ちなみにモノクロ版「邂逅」の祖母役マリア・オースペンスカヤは、インドを舞台にした「飴ぞ降る」(1939)でマハーラニー(女王)役を演じている。
客船がボンベイに到着するインタルミッション(休憩)直前に、デーヴの婚約者として登場するのがアニル・カプール。
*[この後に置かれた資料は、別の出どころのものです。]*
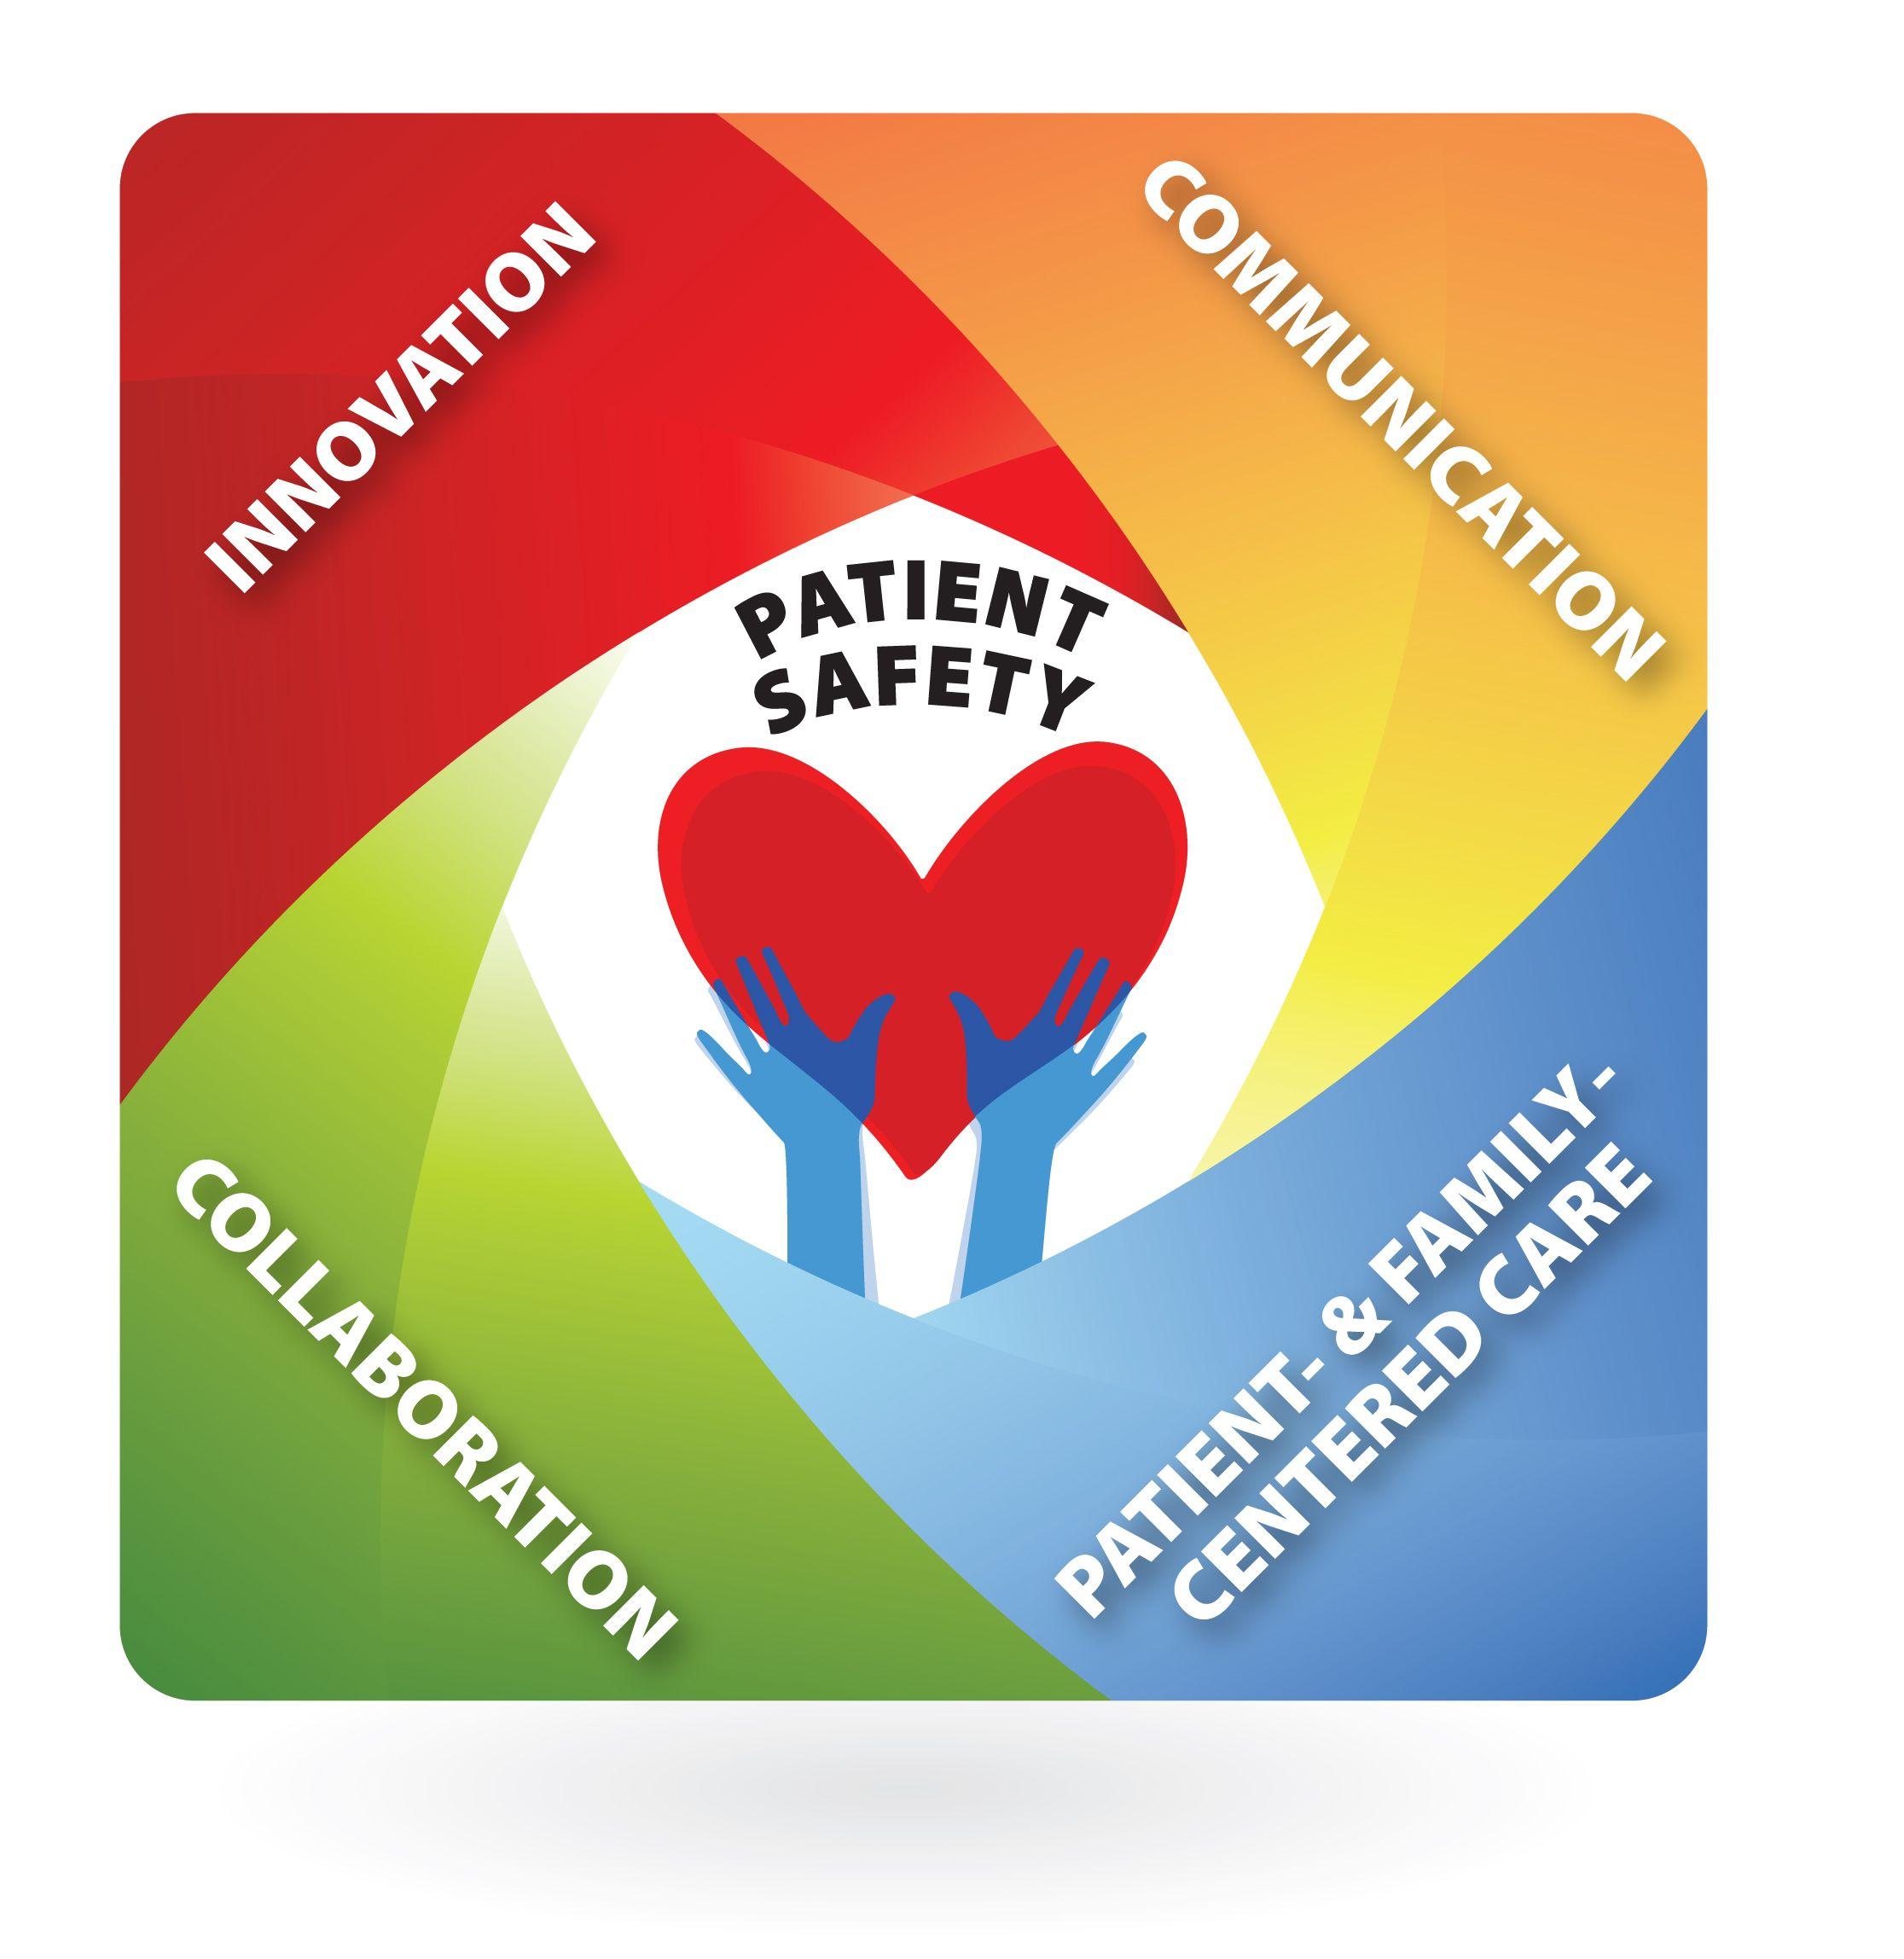 Patient Safety Logo - The Critical Quality Measure: Patient Safety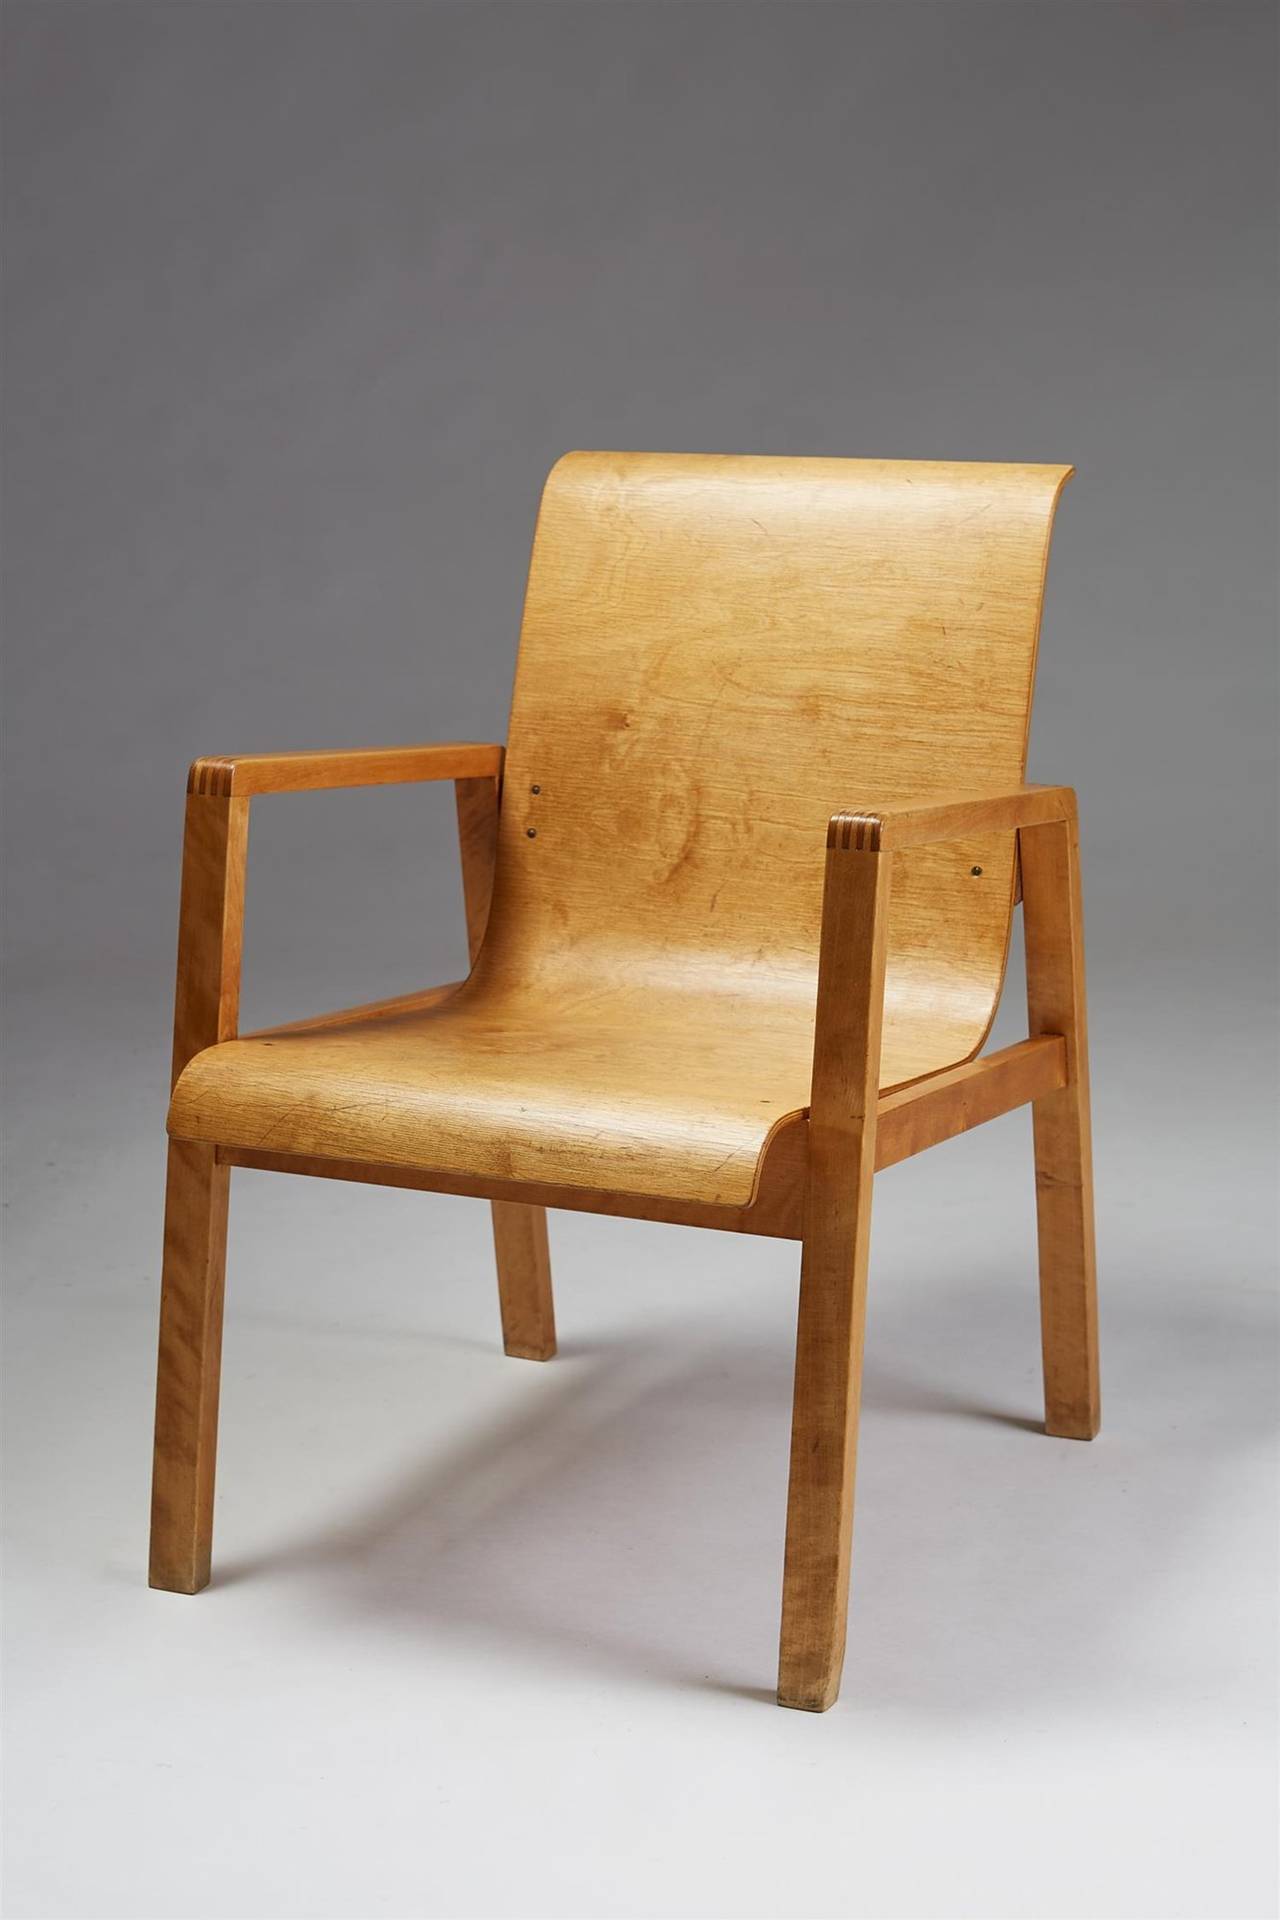 Chair in birch and plywood designed by Alvar Aalto for Artek, Finland. 1950s.

その絶妙なタイミングがインド映画のひとつの見せ場となっている。
婚約者役のアニルがこれみよがしで振る舞った後、デーヴを持ち上げるのは、「Dil To Pagal Hai(心狂おしく)」(1997)のアクシャイ・クマール、「Kuch Kuch Hota Hai」何かが起きてる(1998)のサルマーン・カーン同様、主役に華を持たせる特別出演のお約束。
また、プリヤーが子供たちに合唱させているのは、「マイ・ネーム・イズ・ハーン」My Name is Khan(2010)でもシャー・ルク・カーンが歌っていた米国の愛国ソング「勝利を我らに」のインド版「hum honge kaamyab(我らは成功する)」。
監督インドラ・クマールはダイナミックな演出で知られるヒットメーカー。感情を煽る一方、端から見ると破綻としか思えない過剰なギャグ・スケッチに走る癖があるが、本作ではかなり抑えて(?)ロマンス映画の枠を踏み外さないように努めている。
そのプリヤーは「親愛」「愛しい」「恋人」「妻」などを意味するプリヤが由来。